Мне не хватало смелости вступить в разговор. Страх сковывал меня. Война наполнила меня этим зловонным страхом, я не могла перебороть себя. Мне хотелось спросить, когда в Нюрнберг вызовут профессоров Краковского университета, которых во время войны держали в Заксенхаузене, когда вызовут женщин из Равенсбрюка, которых гитлеровские лекари называли "подопытными кроликами". Кроме слов, они могут представить и вещественные доказательства: сквозь чулки на их ногах видны шрамы, глубокие синие впадины, следы варварских насильственных операций. Когда вызовут жителей Замойщины, они расскажут, как в их воеводстве сжигали целые деревни, как вывозили детей в Освенцим. В газовые камеры.
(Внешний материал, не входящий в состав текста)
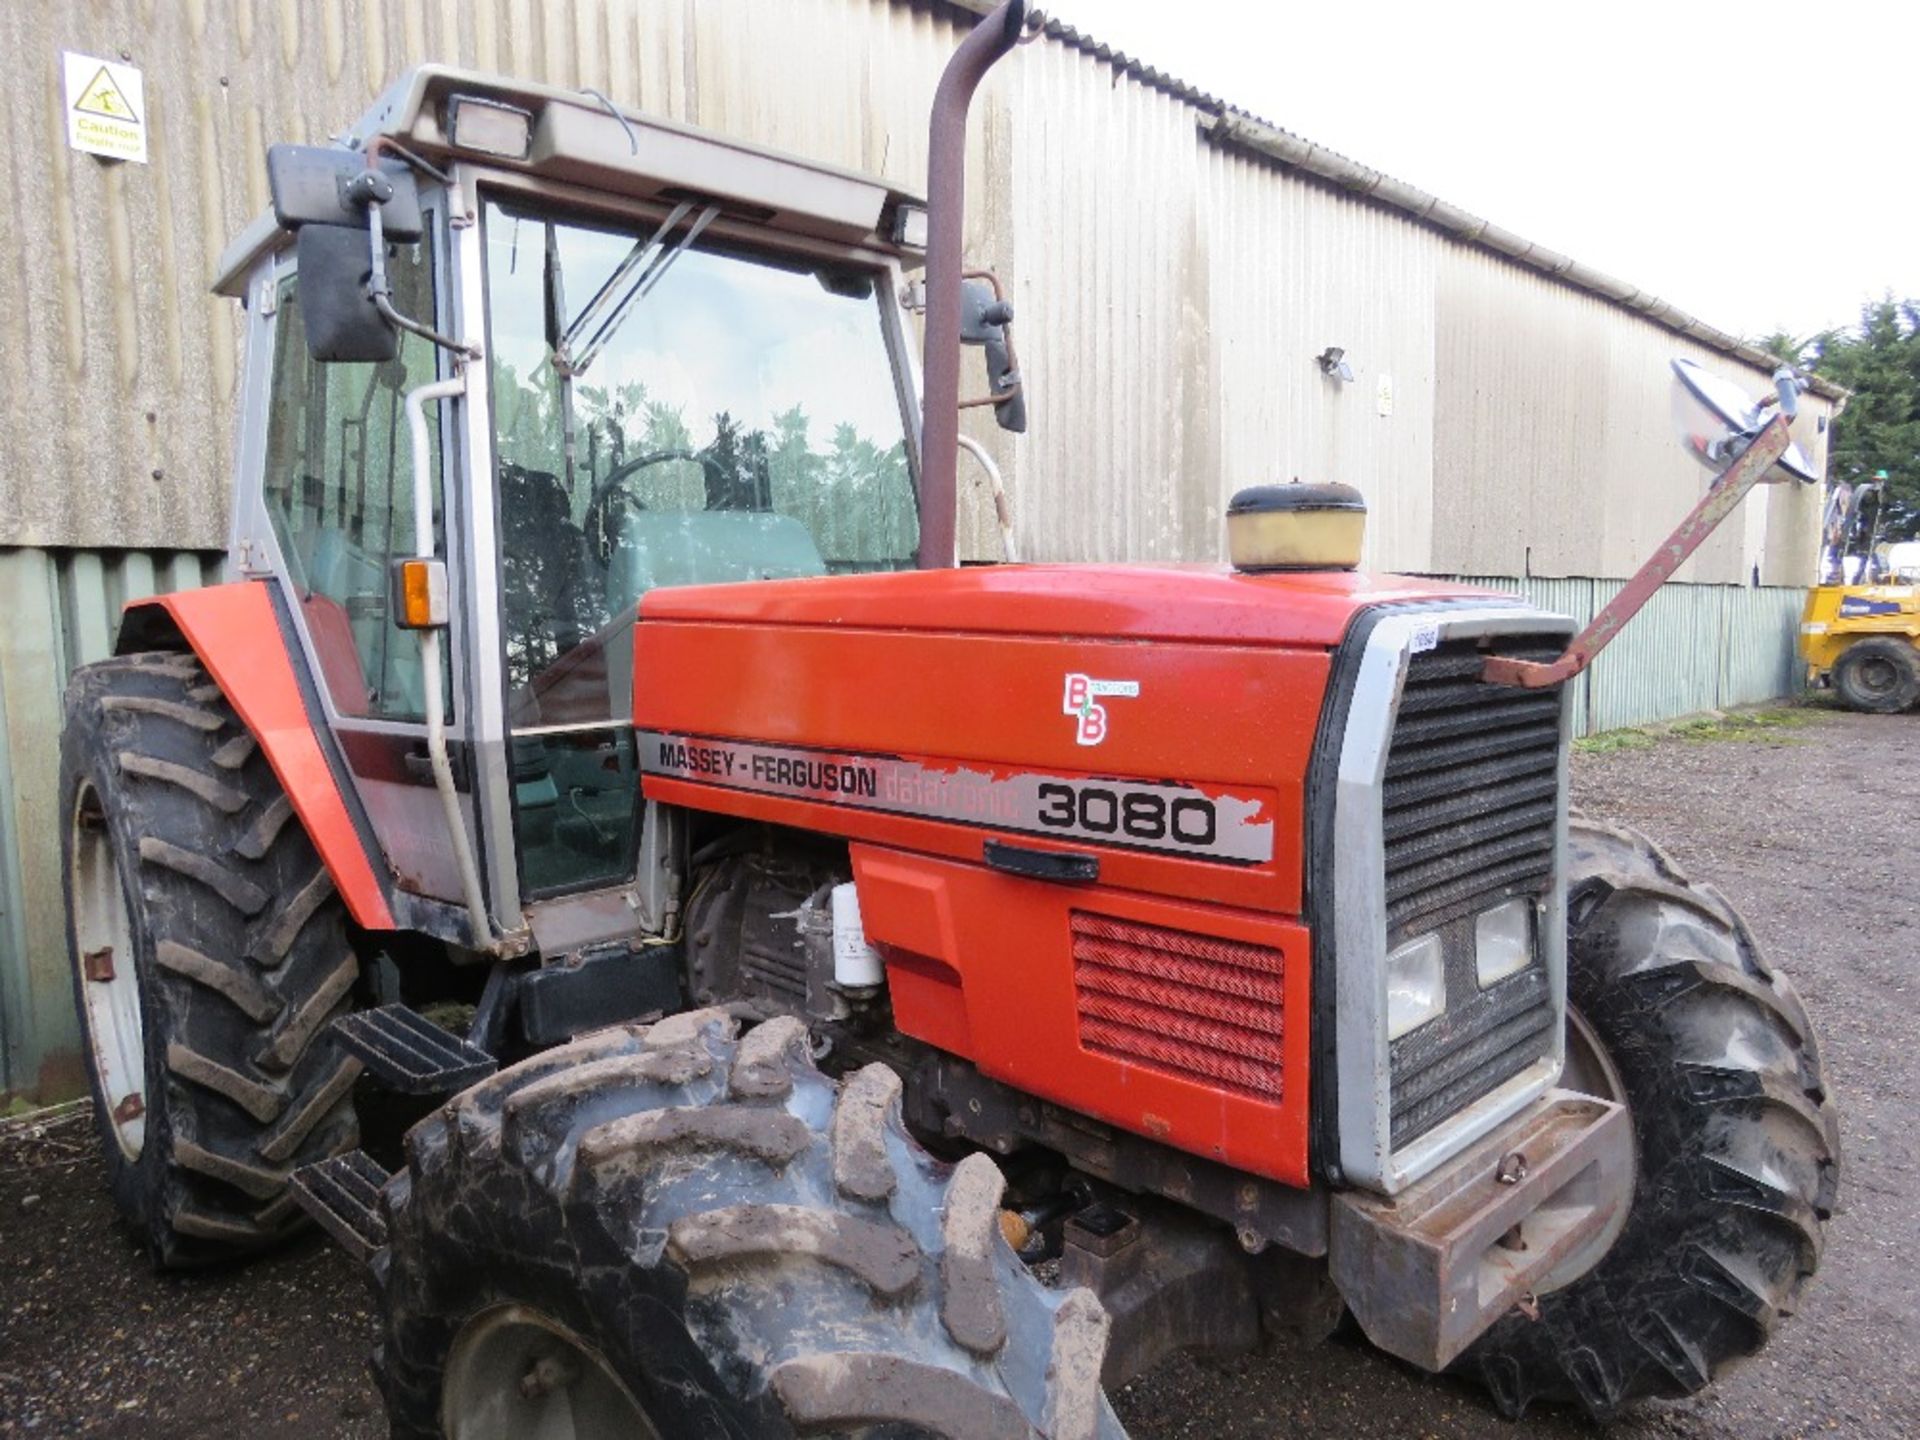 MASSEY FERGUSON 3080 4WD TRACTOR REG:H786 LFA (V5 TO APPLY FOR), 7165 REC HOURS. WHEN TESTED THIS M - Image 11 of 11

Завтра мне предстоит отвечать на вопросы Трибунала; я не боюсь этого, но это не смелость, скорее, просто отчаянная решимость; почему же сейчас я молчу и не нахожу в себе сил, чтобы в тишине гостиничного номера, нарушаемой лишь тиканьем часов (или, может, это капает вода в раковине?), высказать свои сомнения, сказать, что из Польши пригласили слишком маленькую группу, так мало свидетелей из страны, которая не смогла еще подготовить все документы, потому что испытала на себе все разновидности гитлеровских зверств и разорена дотла.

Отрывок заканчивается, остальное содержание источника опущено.